An estimated 150 million people have died from AIDS, tuberculosis and malaria alone since 1945, compared to 23 million in wars, said the World Disasters Report issued by the International Federation of Red Cross and Red Crescent Societies.

"We need only to look at the death toll from infectious disease to see the results of this dangerous trend. We need to make treating infectious disease a priority," Didier Cherpitel, the federation's secretary general, said at a press conference releasing the findings.

"While infectious diseases claim the most lives, they are also the most preventable disasters," a press release announcing the report said. The report estimates that most of last year's 13 million deaths from infectious disease could have been prevented at a cost of $5 per person.
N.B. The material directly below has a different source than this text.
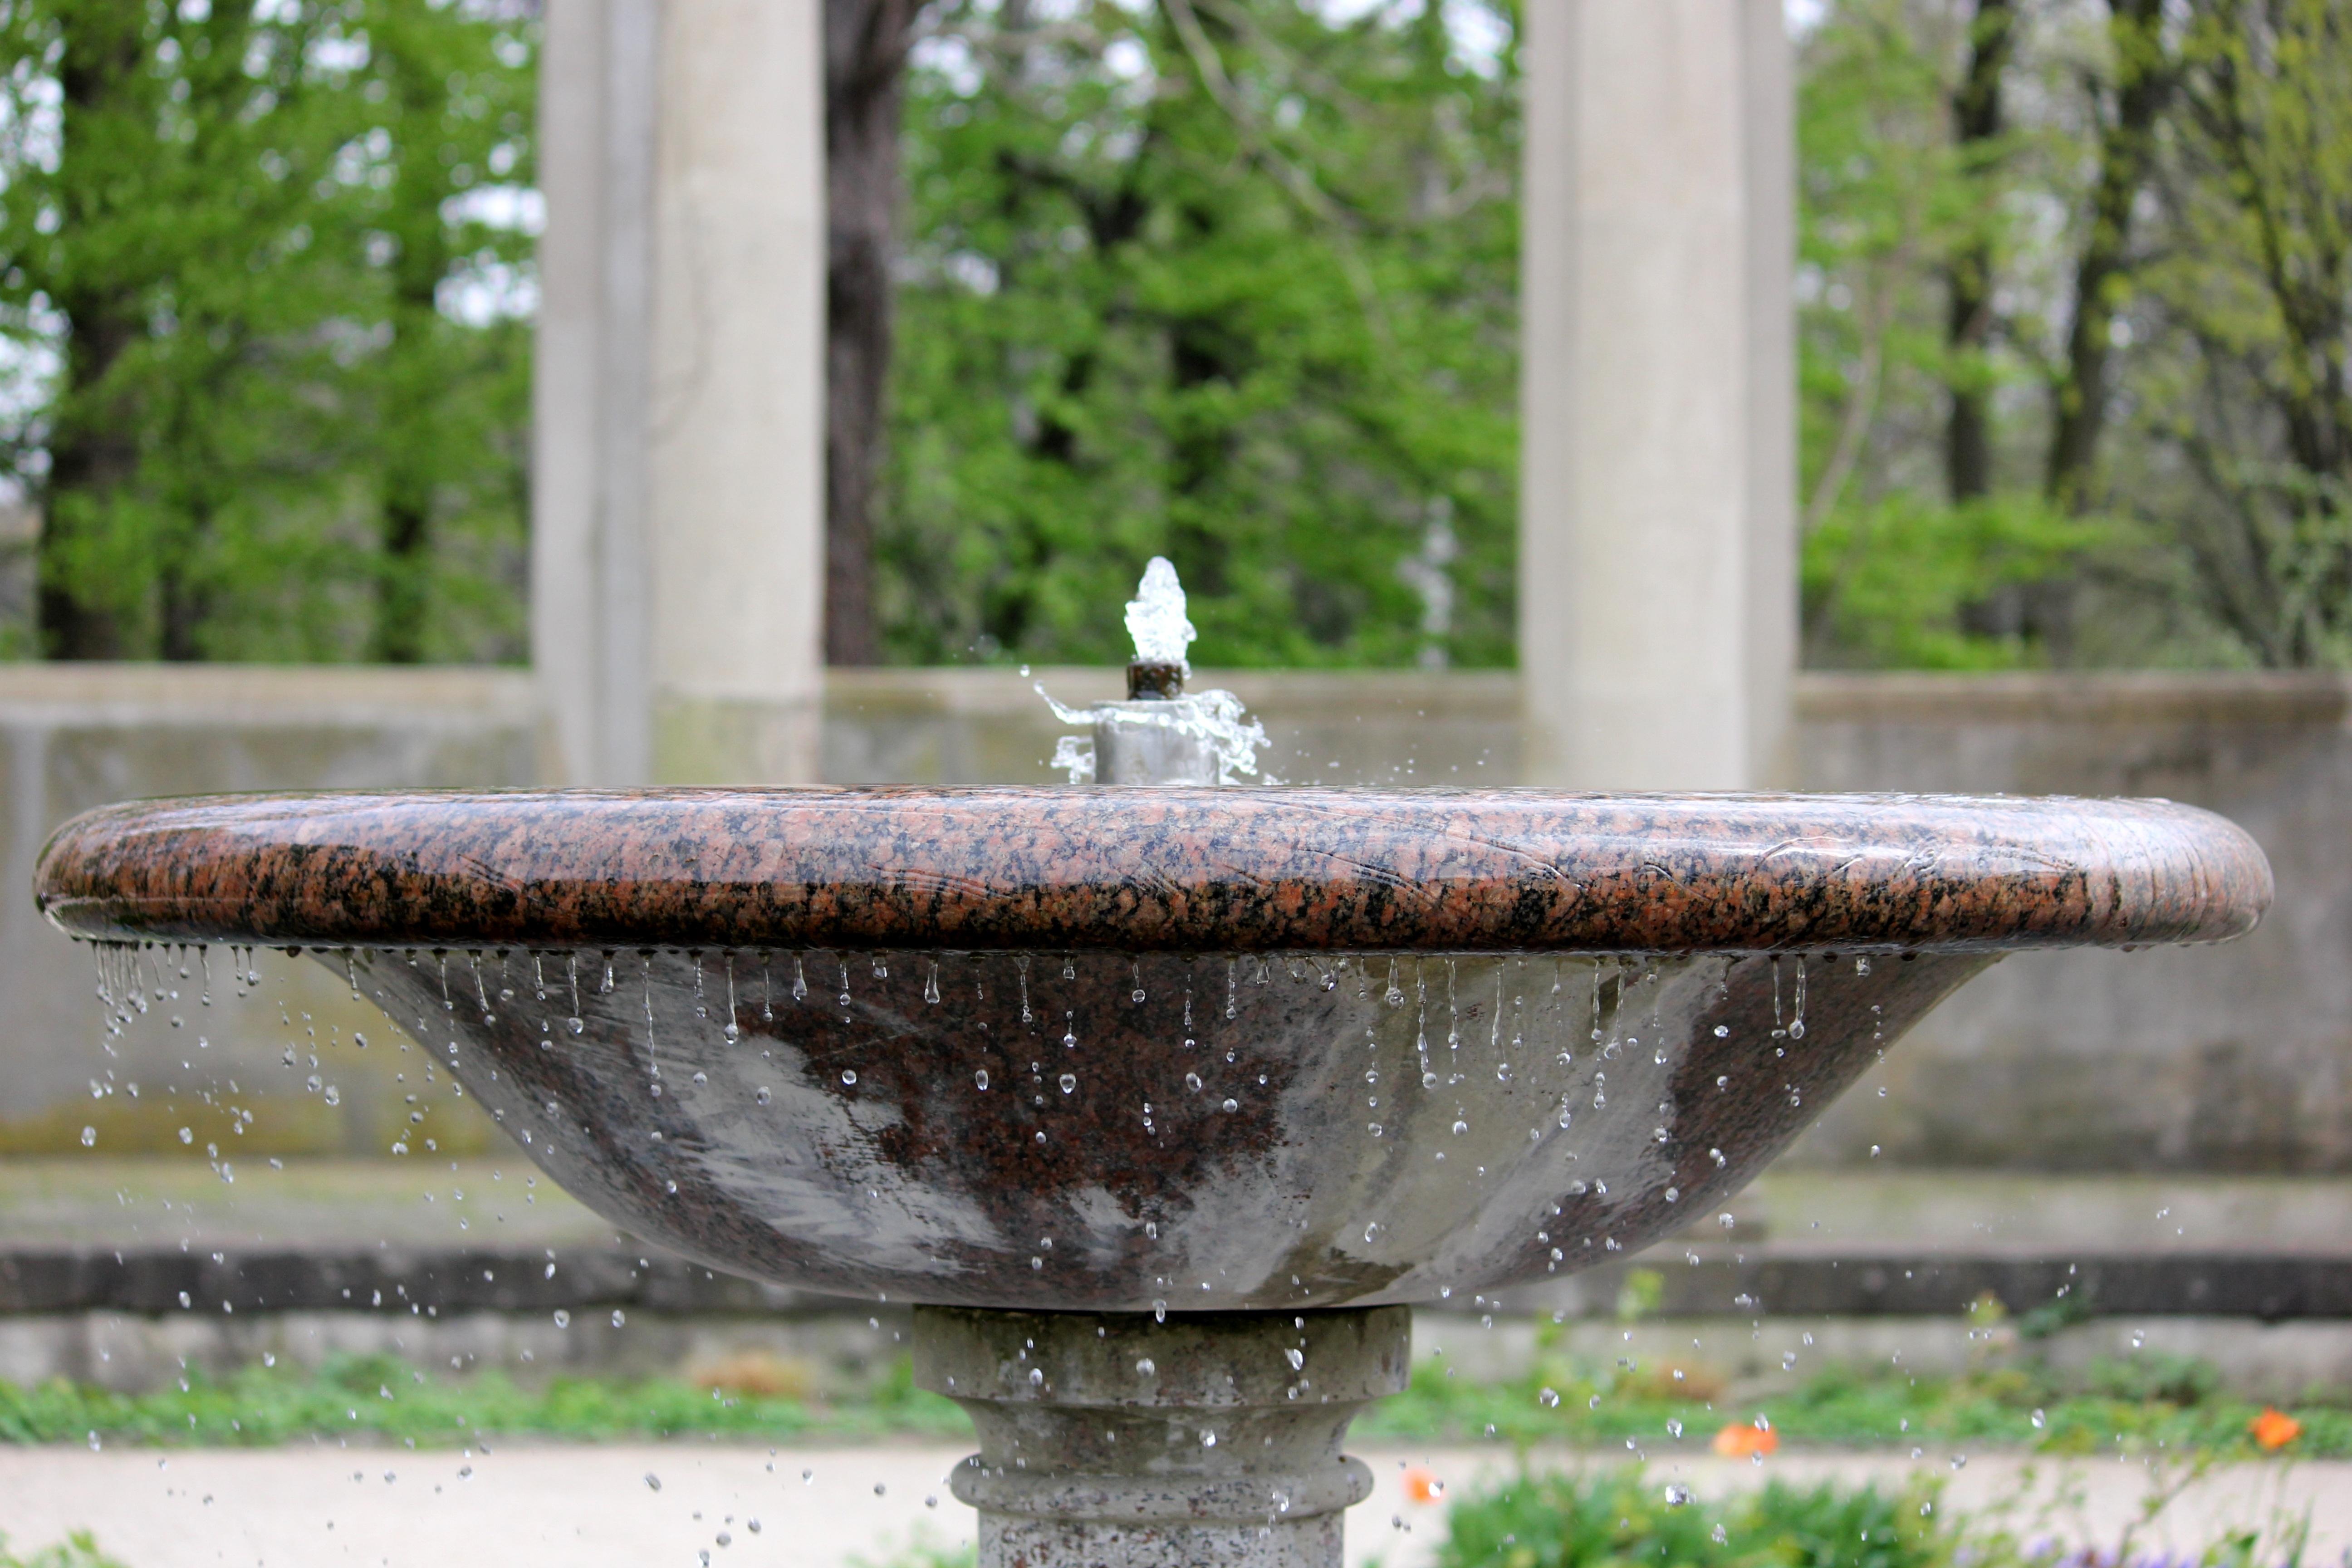 Water Flower Backyard Sink Garden Water Fountain Bubble Fountain Water  Feature Decorative Fountains Well Water

Last year, 160 times more people died from AIDS, malaria, respiratory diseases and diarrhea than were killed by natural disasters, including massive earthquakes in Turkey, floods in Venezuela and cyclones in India, the report said.

The escalation of AIDS infections in Africa was singled out as one of the key areas of concern.

"Once a disease like AIDS reaches the kind of proportions we see in sub-Saharan Africa it is no longer a disease, it is a disaster," said Peter Walker, director of disaster policy for the federation. "Such a widespread disease destroys the work force and shatters the economy."

More than 23 million people in the region are estimated to have HIV, the virus that causes AIDS—70 percent of the global total, the report said. Across the world, 300 people now die hourly from AIDS, it said.

Government budget cuts were partly to blame for the high numbers, the report said.

"When a government has to cut back on spending, where does it cut back? Inevitably on health care and education," Walker said.

The report noted that in 1998, the level of international emergency aid rose for the first time in four years, but funding for primary health care continued to drop. Health funding for developing nations from the Organization for Economic Cooperation and Development sank to the lowest levels since 1991, it said.

Public expenditure on health in poor countries averages just 1 percent of gross domestic product, compared to 6 percent in rich countries, the report said. As a result, diseases that once were under control are reappearing, it said.

Some of that disparity could be due to economic programs imposed on countries by international lending institutions like the World Bank. "A 1995 World Bank survey of 53 countries showed a 15 per cent averag decline in the health spending per person following structural adjustment," the report said.

While the Red Cross does not track the rise of preventable diseases on a year-to-year basis, figures for diseases such as malaria showed worrying trends, the federation said.

Malaria—which kills 2.6 million people a year, 70 percent of them children—is appearing in countries such as Azerbaijan and Tajikistan. North Korea has reported 40,000 new cases of tuberculosis this year. And Russian cases of syphilis have increased 40-fold since the collapse of the Soviet Union, the report said.

The report said changing people's behavior saves more lives than spending money on expensive institutions and equipment.

"Impressive real results come from widespread community health programs to vaccinate children against preventable disease and encouraging people to protect themselves from malaria by using treated bed nets or from AIDS by using condoms," it said.